LUBBOCK, TX (KCBD) – Voting began the week of April 22nd, which means Lubbock County residents get to decide on a new multi-million-dollar road project. That project would restore and expand roads all across the county for $99 million. This project has been supported by multiple engineering companies, not just in Lubbock, but across the state and the rest of the nation.

Source: KCBD Photo

Three engineering companies have already pre-qualified for that project and all three are based outside of Lubbock, some even as far away as North Carolina. So our KCBD Investigates team asked the question of, ‘how and when were those companies selected?’

That process is based on RFQ’s, also known as Requests for Qualifications – essentially a screening tool that helps identify which companies are qualified to do the work necessary for the job at hand.

It was about one year ago that those three specific companies were pre-qualified for that engineering design.

County Engineer Jennifer Davidson explains: "They reviewed the original RFQ, TxDOT did, and said that that was fine for [her] to solicit just the three that were pre-qualified or pre-selected, and so [they] solicited the three firms that were pre-qualified.”

Those three pre-qualified engineering firms are based in Richardson, Texas, Fort Worth, and Raleigh, North Carolina, two of which also have offices in Lubbock. Of those three, for one-third of the tasks listed, only one was allowed to submit a proposal for the engineering design. That company works out of Richardson, nearly five hours East of Lubbock. Their closest office is in Midland.

Source: KCBD Photo

She said, “The evaluation is based on qualifications and organization of the firm or the team.”
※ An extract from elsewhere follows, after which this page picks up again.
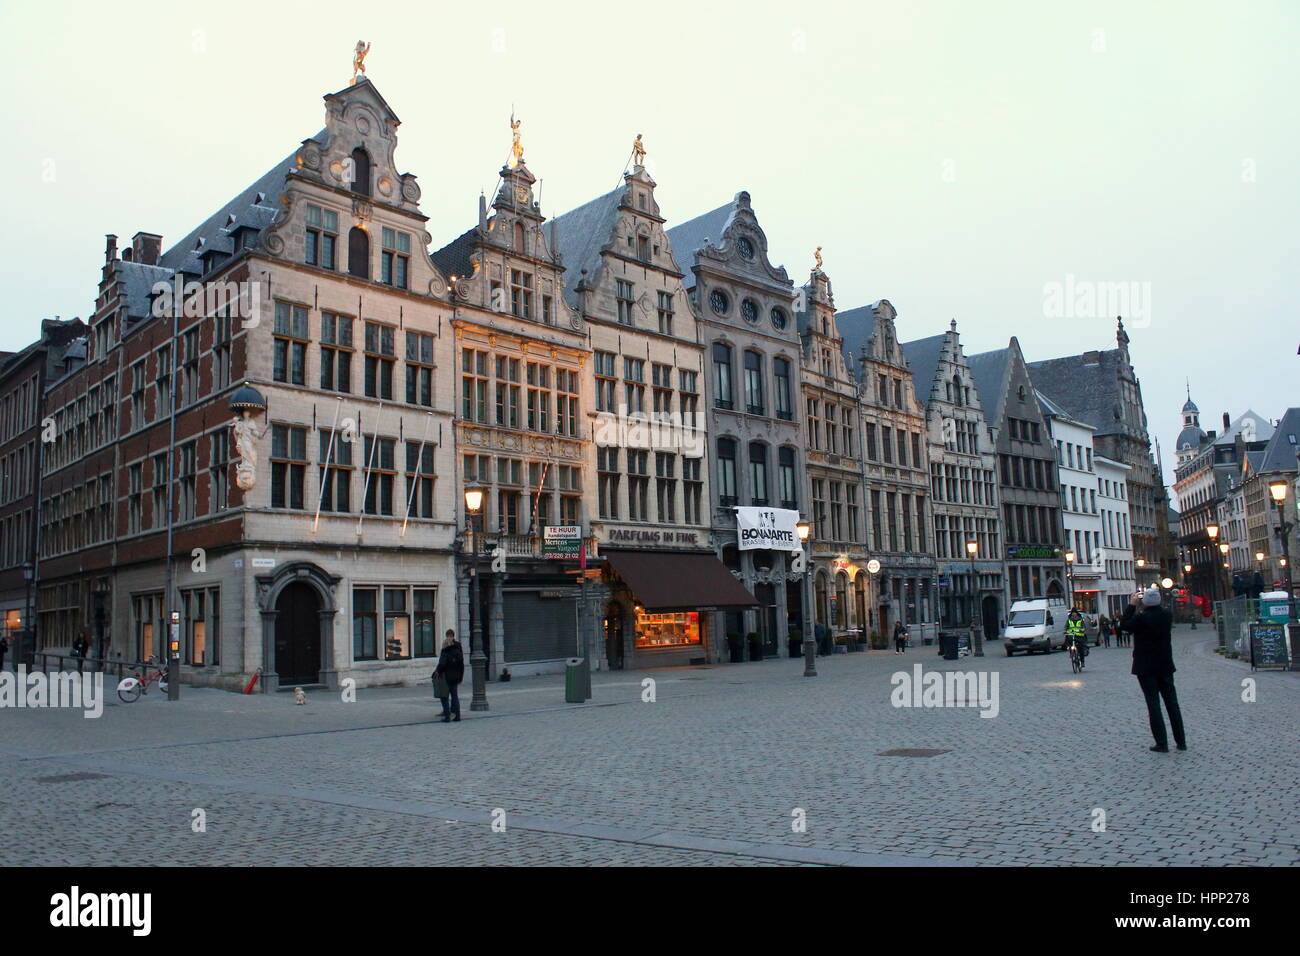 Alten Monental Zunfthäuser am Grote Markt (großer Marktplatz), Antwerpen, Belgien Stockfoto

However, when it comes to those final RFQ scores, the public is not allowed to know.

Davidson says they, "Really [try] to make sure that there is open, open conversation and discussion amongst the committee, and not to be individual or singled out, as you know, you…. We want to protect the people that serve on that committee so that there is free and open discussion.”

The Investigates team then tried to ask whose decision it is to make those scores public. Davidson said, “I’m not going to tell you, whether it’s a purchasing policy or a Civil DA, or if it was the commissioners court.”

KCBD did submit an open records request, and the Attorney General responded saying that, for reasons of competitive information, the county may withhold the tab sheets. However, whether to release was ultimately up to the county.

Source: KCBD Photo

Later, Commissioner Bill McCay told us it was the commissioner’s court which ultimately decided not to release the RFQ information.